Earlier this week, a new episode of The Boston Globe’s investigative podcast Gladiator, which delves into the history of fallen New England Patriots tight end Aaron Hernandez and the use of drugs in the NFL, revealed club doctors routinely administer shots of Toradol to a long line of players before each game, and sometimes even before practice.
The widespread use of Toradol was first thrown into the spotlight when former NFL players sued the league in 2011, claiming they were not adequately informed of its serious effects that lingered long after their careers had ended.
Below, we take a closer look at the prescription drug, Toradol, and its risks and benefits as a substitute for opioid painkillers.
What is Toradol (ketorolac)?
Toradol is an anti-inflammatory drug similar to over-the-counter treatments like aspirin, ibuprofen, and naproxen, only much more powerful and requiring a prescription. It’s great for relieving severe short-term pain without being addictive, but also comes with a high risk of internal bleeding and kidney problems—including kidney failure—when used for an extended period of time.
What is Toradol used for?
Toradol is very effective for treating moderate to severe pain. It starts working quickly (about 15 minutes after administration) and can last up to 6 hours. It’s often prescribed for post-surgery pain and acute migraines, but also for chronic migraines when other treatments haven’t worked.
Although Toradol is available as a tablet, Toradol injections are usually recommended for initial relief and are administered intramuscularly, typically in the buttocks. For migraines, Toradol is used as an abortive therapy, which means it can stop a migraine during onset or after it has started.
Ketorolac also comes in two other forms: nasal spray and eye drops (for post-op eye pain or stinging).
How much does Toradol cost?
Toradol is available as a generic, ketorolac, so it is inexpensive. Here are the GoodRx prices for available forms of ketorolac:
- 1 vial of ketorolac (1 ml of 30 mg/ml): $2.67
- 20 tablets of ketorolac (10 mg): $16.51
- 1 eye dropper of ketorolac (5 ml of 0.5%): $15.13
The nasal spray is branded as Sprix and is very expensive at $991 per package (5 bottles of 15.75 mg/spray).
Is Toradol a narcotic?
No, Toradol is not a narcotic, opiate, or controlled substance. Rather, Toradol is an NSAID drug, a safer, non-habit forming alternative to treat pain that requires opioid levels of analgesia or pain relief.
So, what’s the downside of Toradol?
As stated before, Toradol, as an injection or combined with tablets or nasal spray, is not to be used long term—which in this case, is anything over 5 days. Doing so will put you at serious risk for side effects often associated with NSAIDs like heart attack, stroke, stomach bleeding, and kidney damage.

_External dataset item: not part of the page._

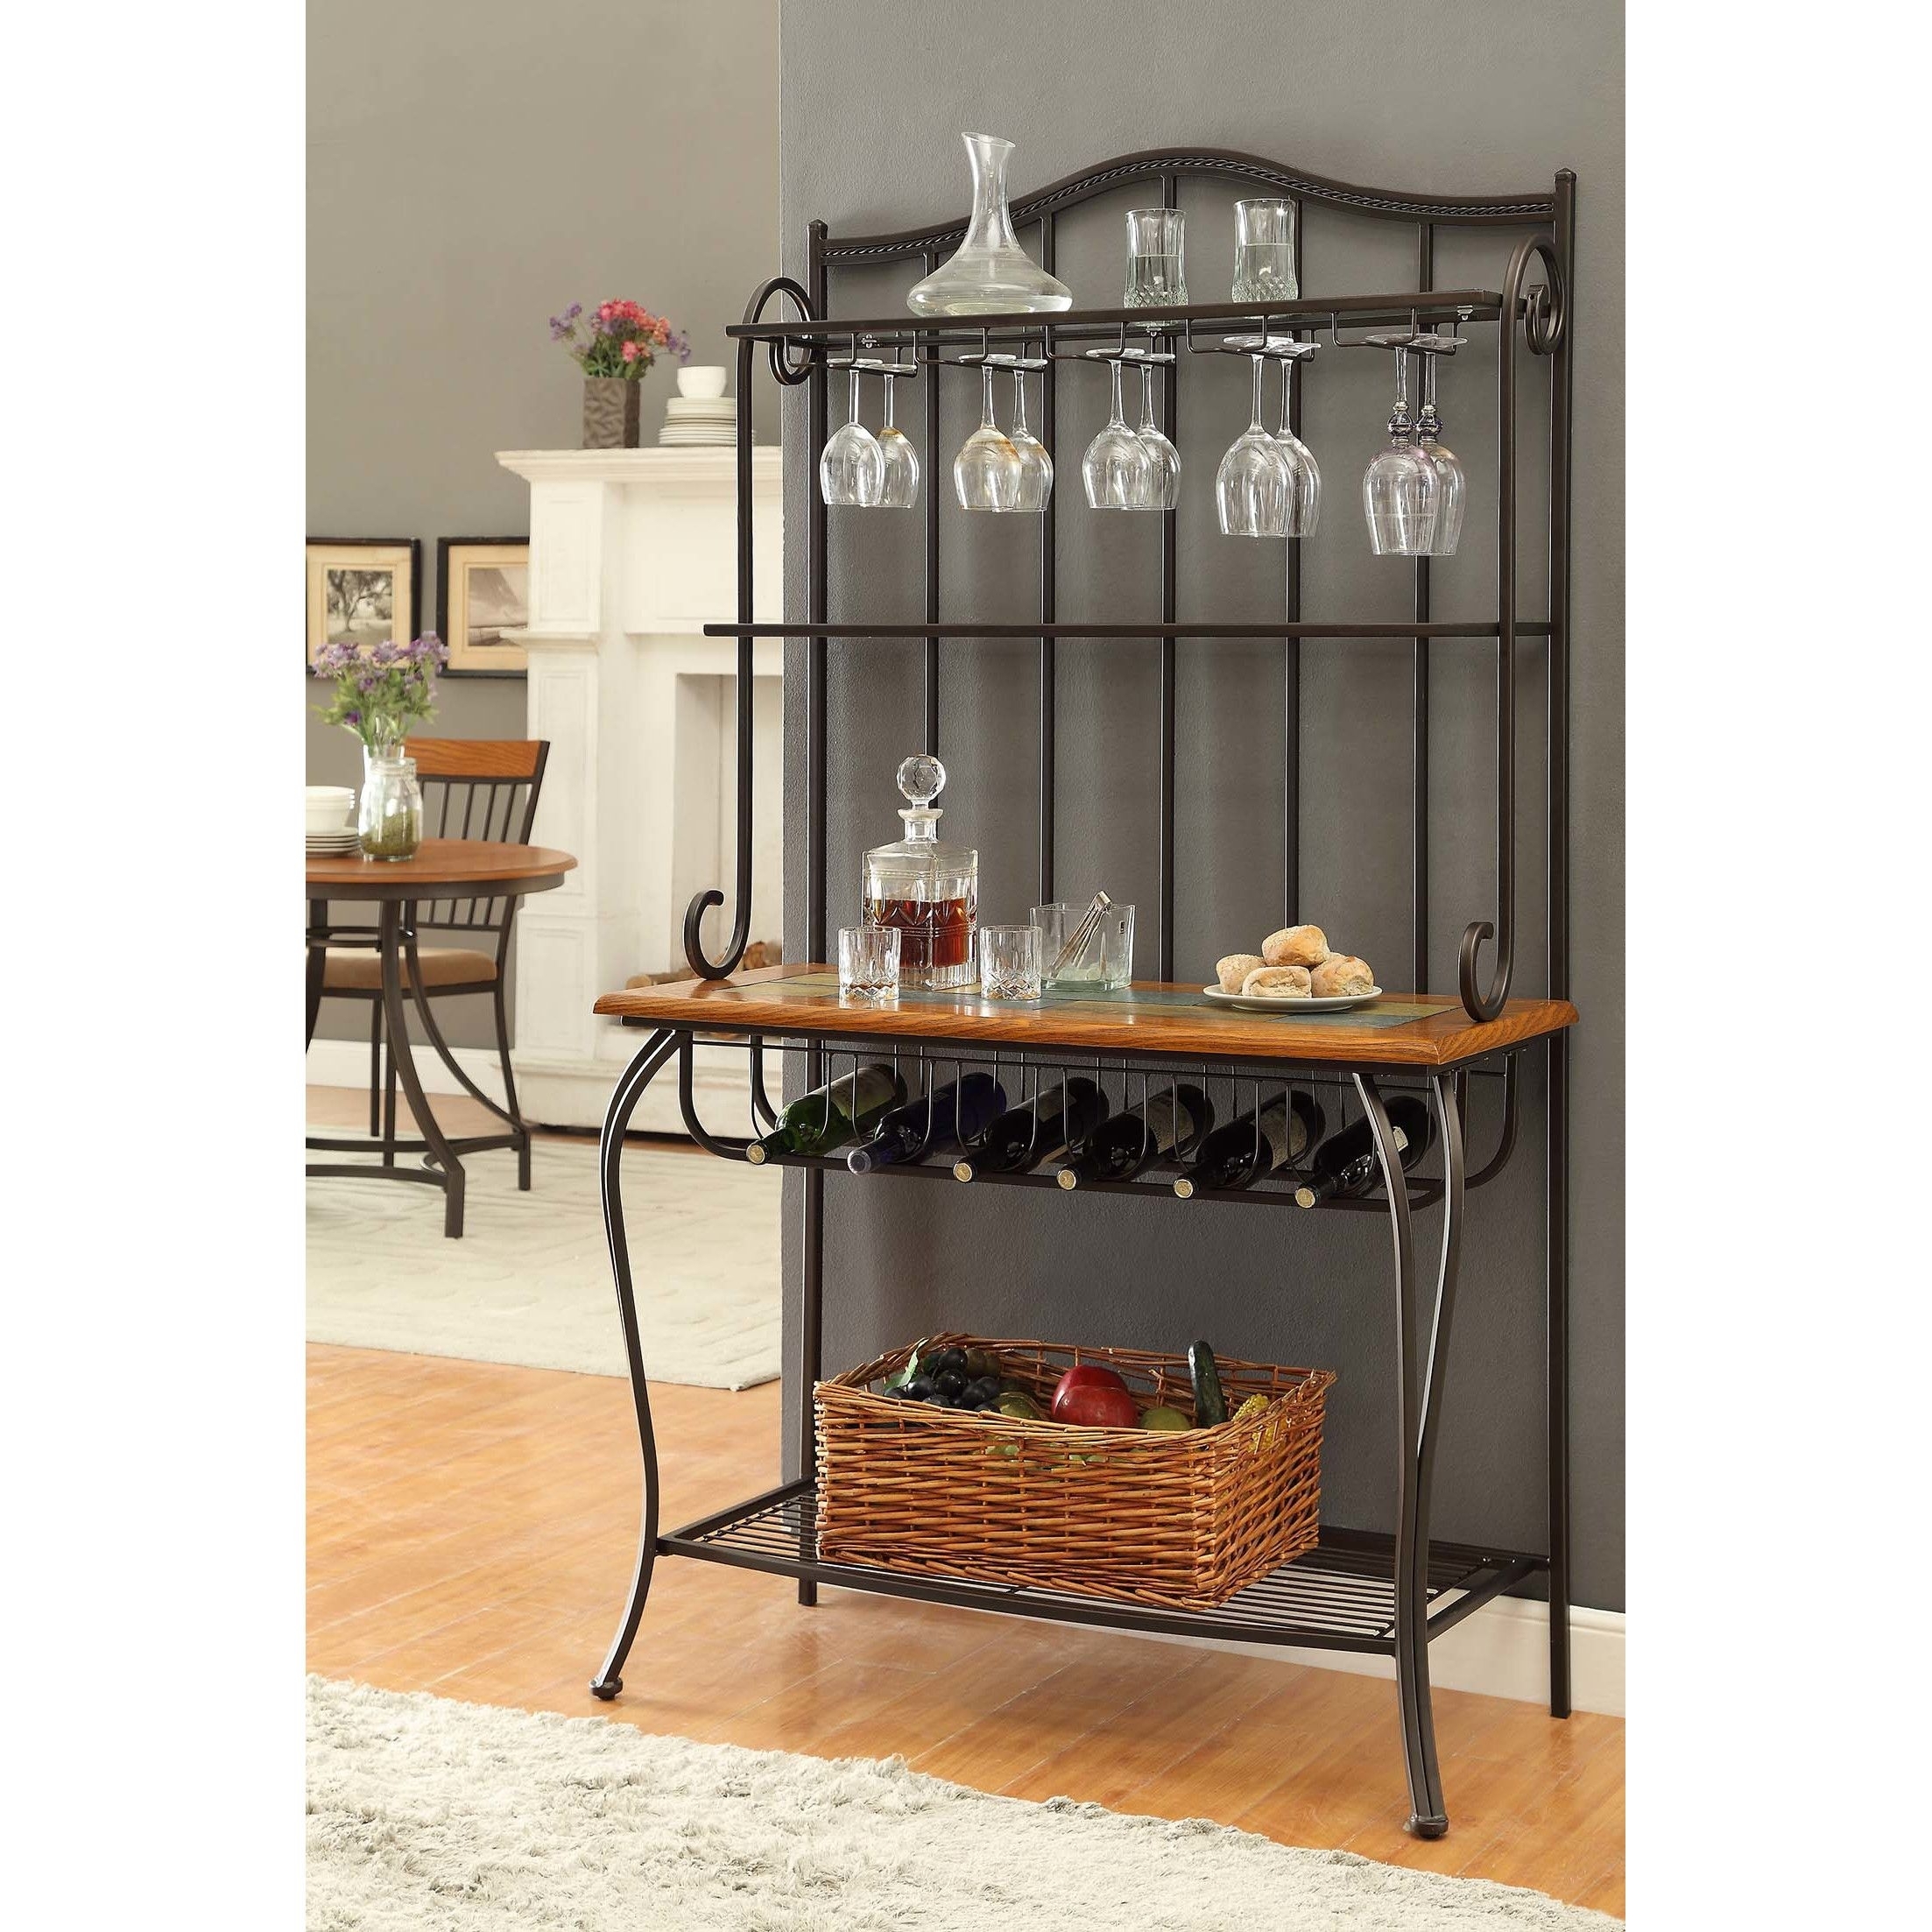 https://foter.com/photos/title/wrought-iron-bakers-rack-with-wine-rack.jpg

Similarly, Toradol eye drops should not be used long term. The maximum amount of time you should use Toradol eye drops is 2 weeks after cataract surgery and 4 days after corneal refractive surgery. Prolonged use of any NSAID eye drops can seriously damage your eyesight.
Though Toradol may get a bad rap because of its history in the NFL, it can give considerable relief to those with migraine headaches and other types of short-term pain. It can also be relatively inexpensive since most forms are available as generics. Talk to your doctor if you think Toradol would be a suitable option for your pain, especially if you’ve been prescribed an opioid.